[Start of Attachment]

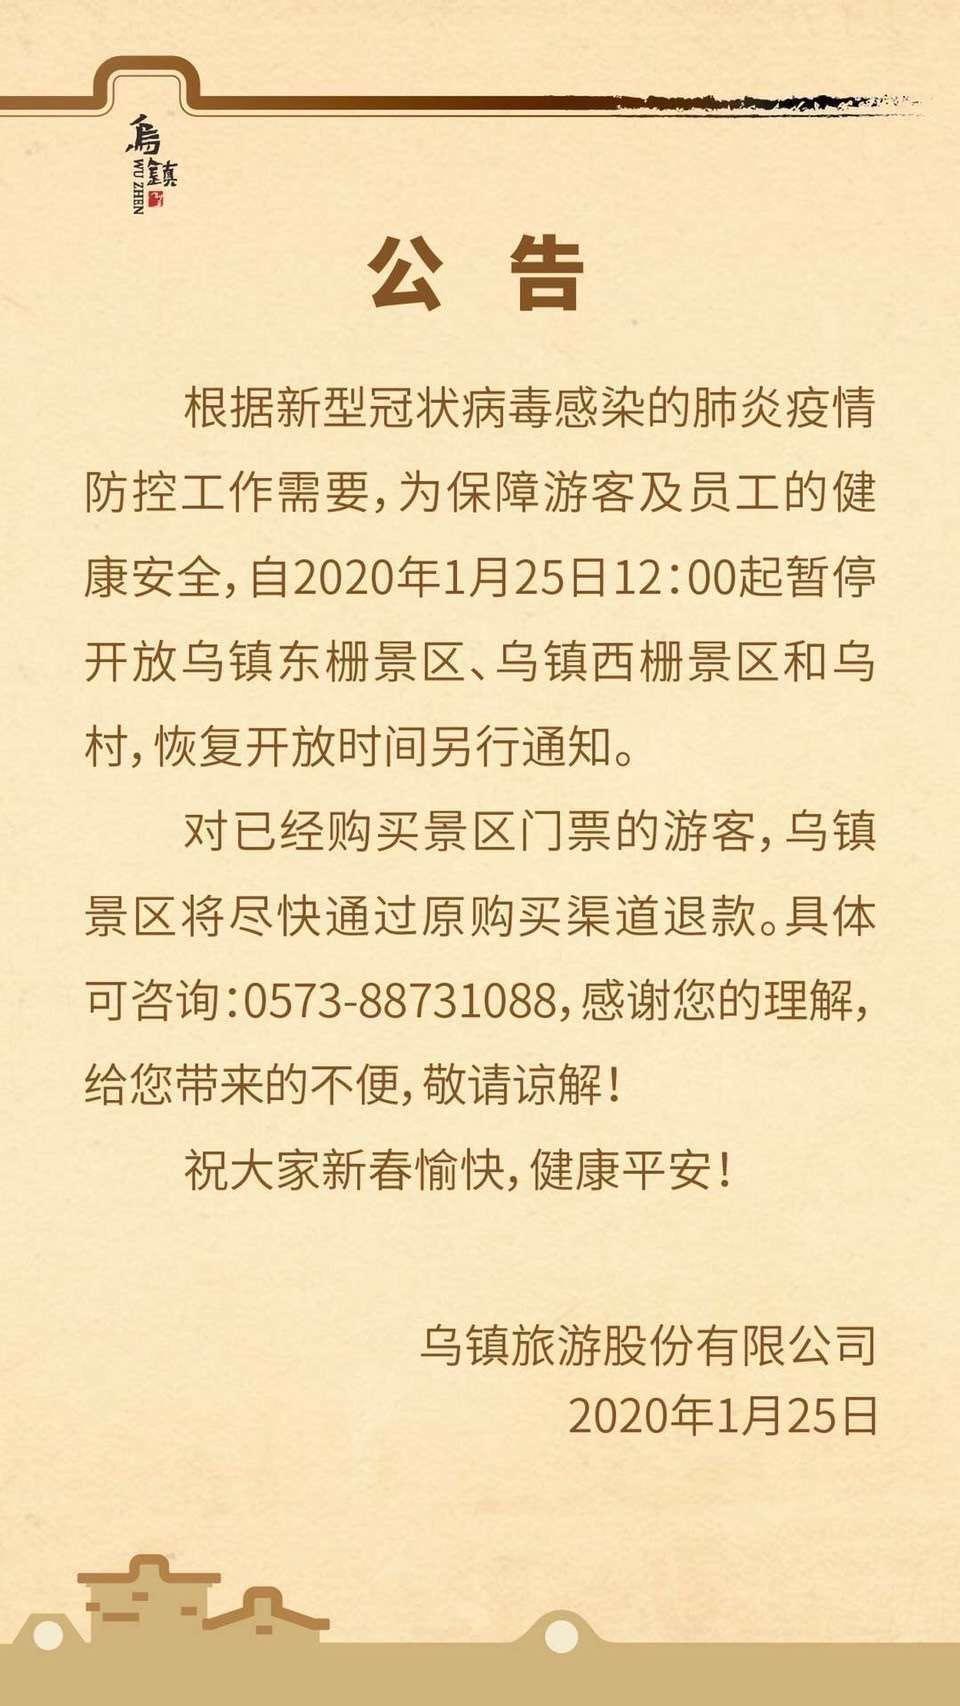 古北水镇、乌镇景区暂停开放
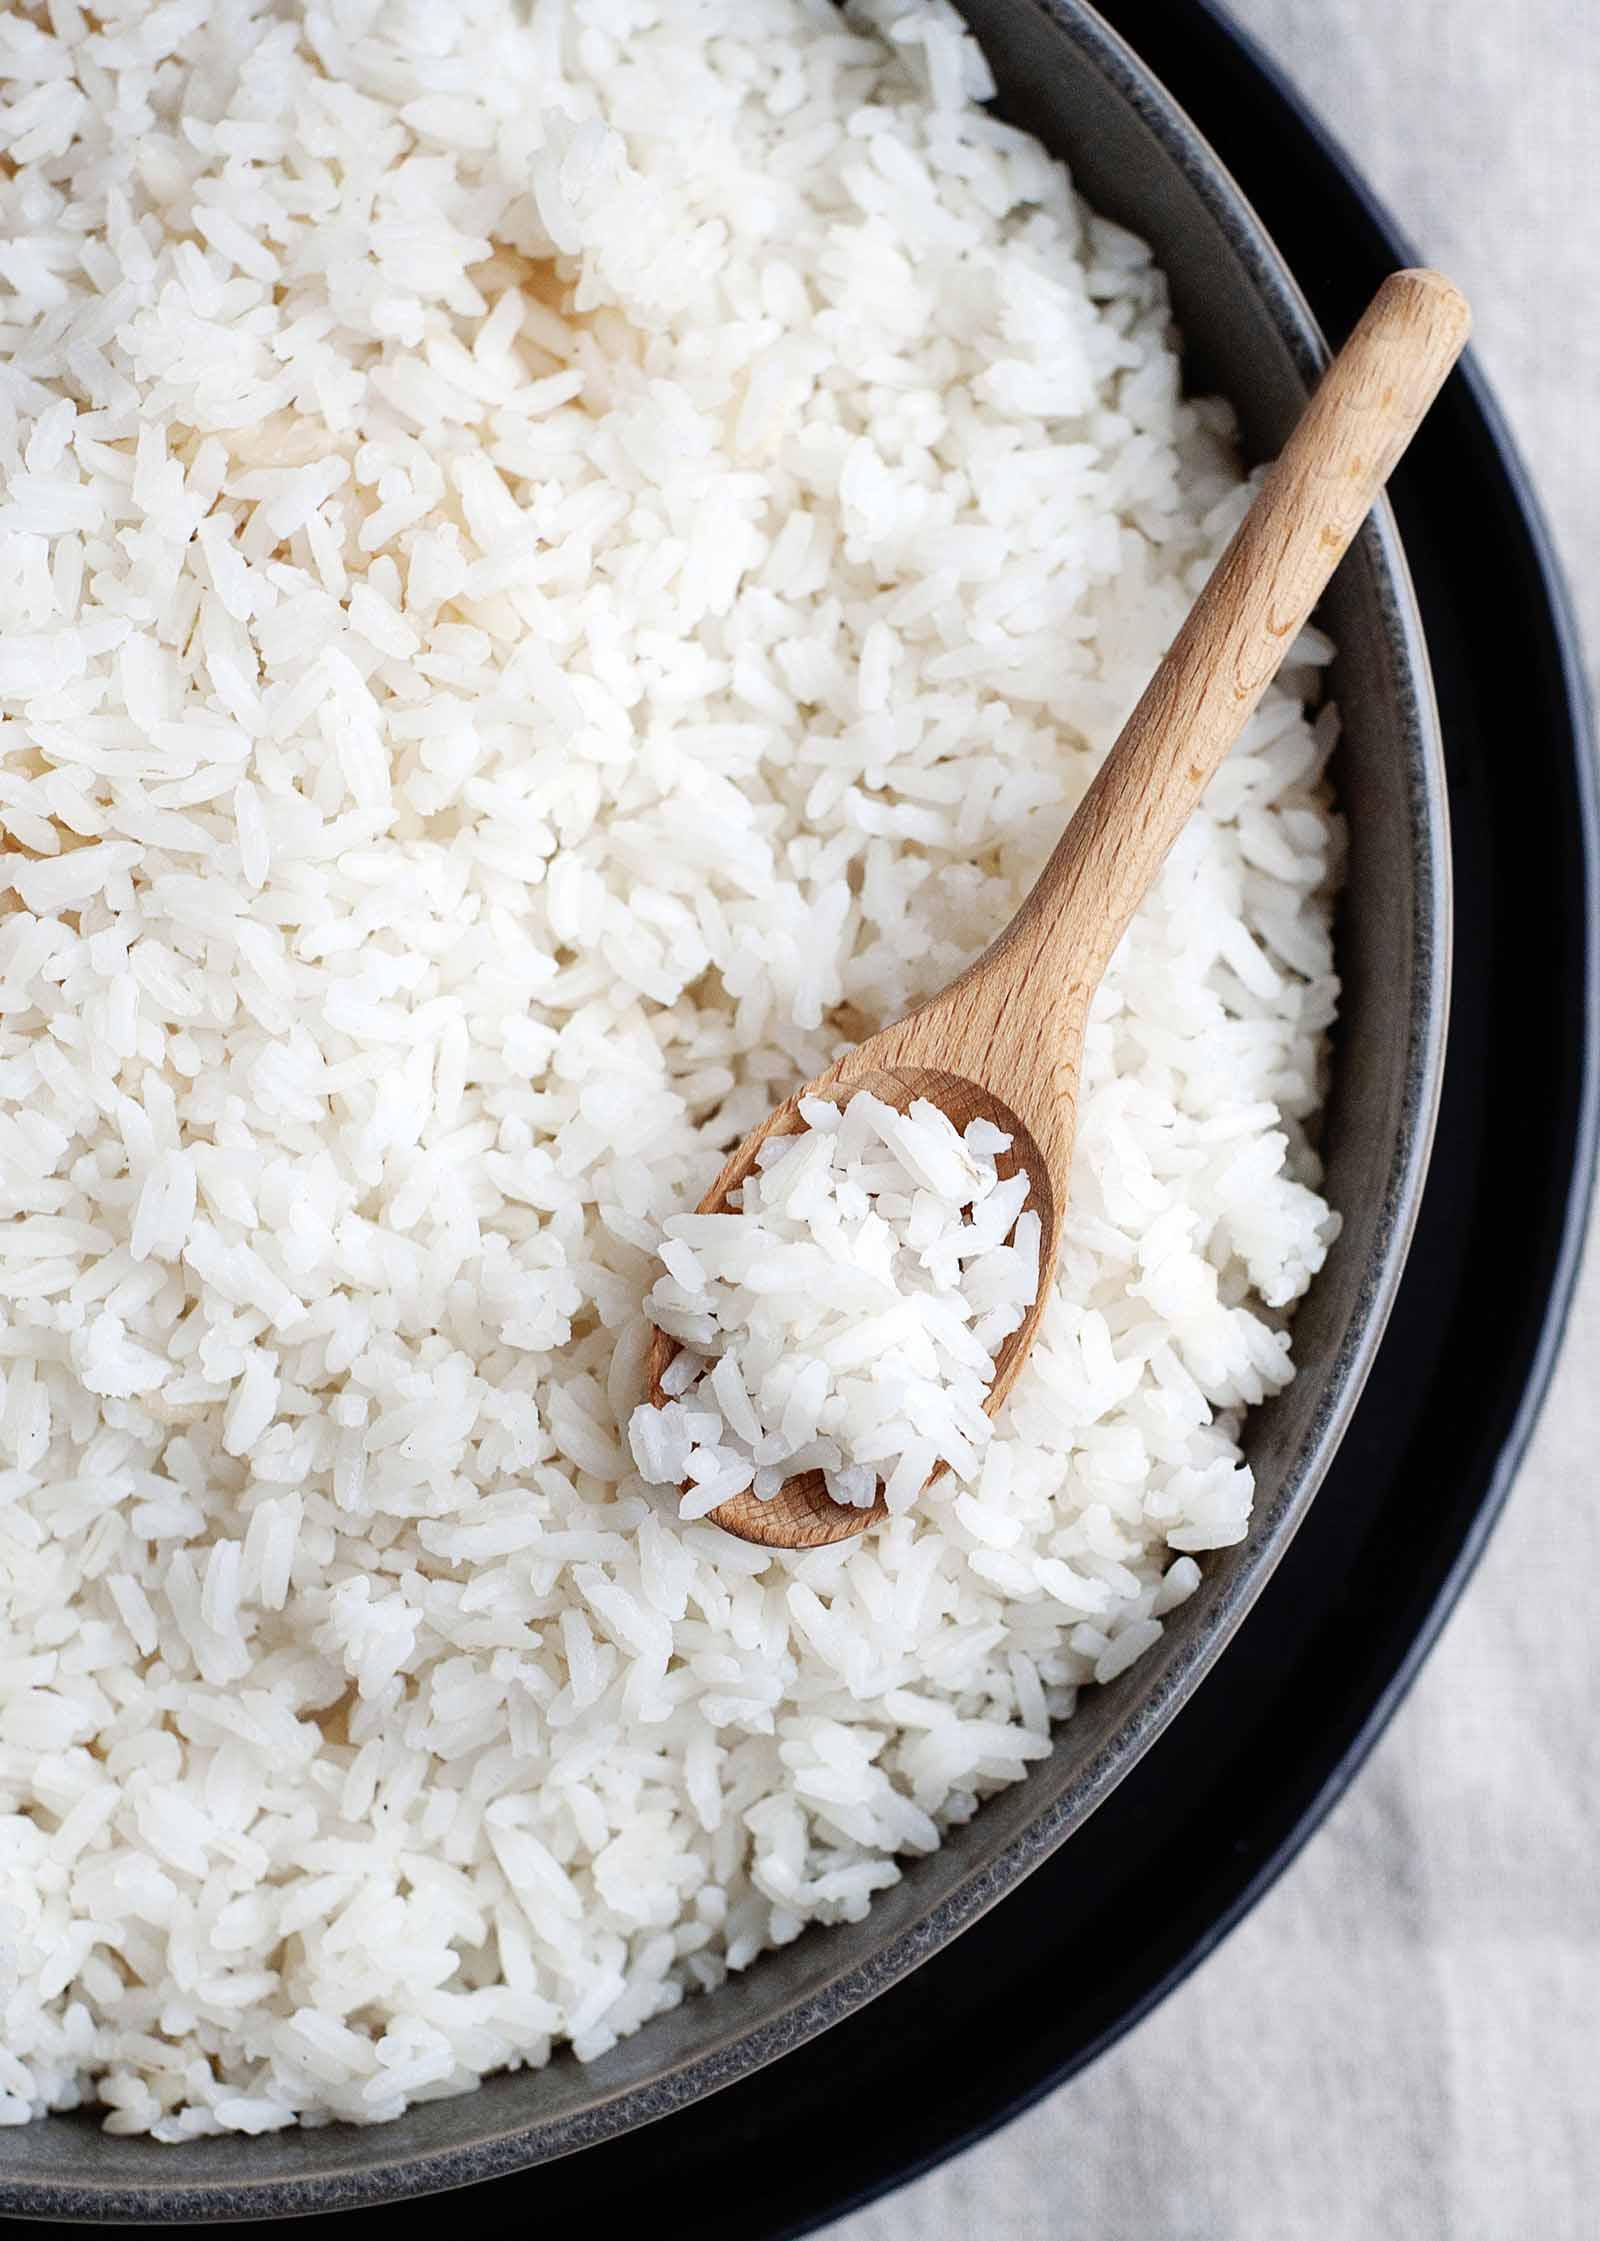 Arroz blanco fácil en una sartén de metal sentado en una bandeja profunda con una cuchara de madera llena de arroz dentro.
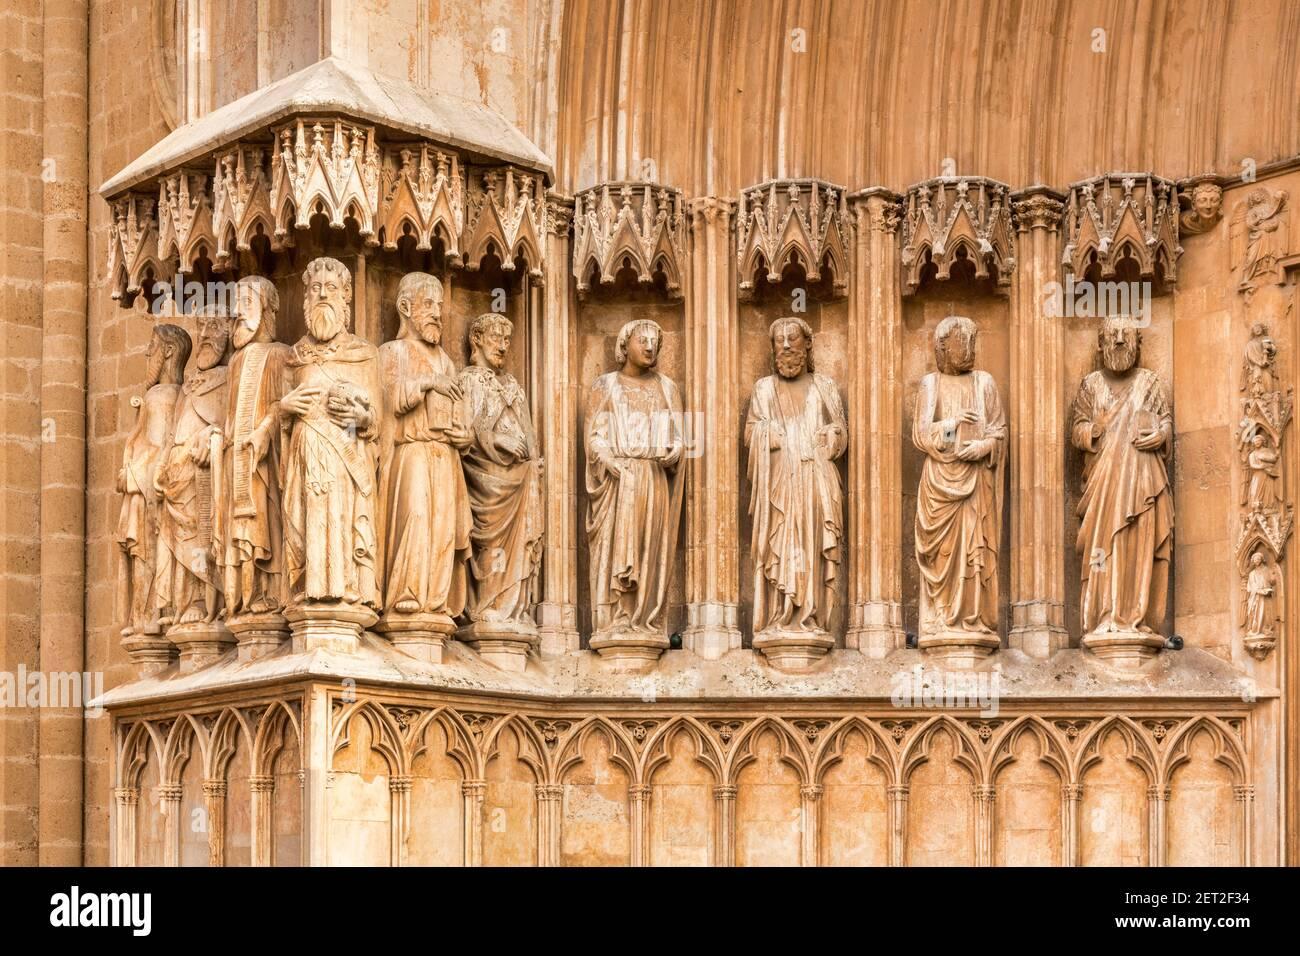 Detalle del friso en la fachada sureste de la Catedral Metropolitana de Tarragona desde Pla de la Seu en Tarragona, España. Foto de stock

[End of Attachment]

### [Exercise directions]
Line by line, write out the material exactly, leaving the images out.

### [Answer to this problem]
 古北水镇、乌镇景区暂停开放
 Arroz blanco fácil en una sartén de metal sentado en una bandeja profunda con una cuchara de madera llena de arroz dentro.
 Detalle del friso en la fachada sureste de la Catedral Metropolitana de Tarragona desde Pla de la Seu en Tarragona, España. Foto de stock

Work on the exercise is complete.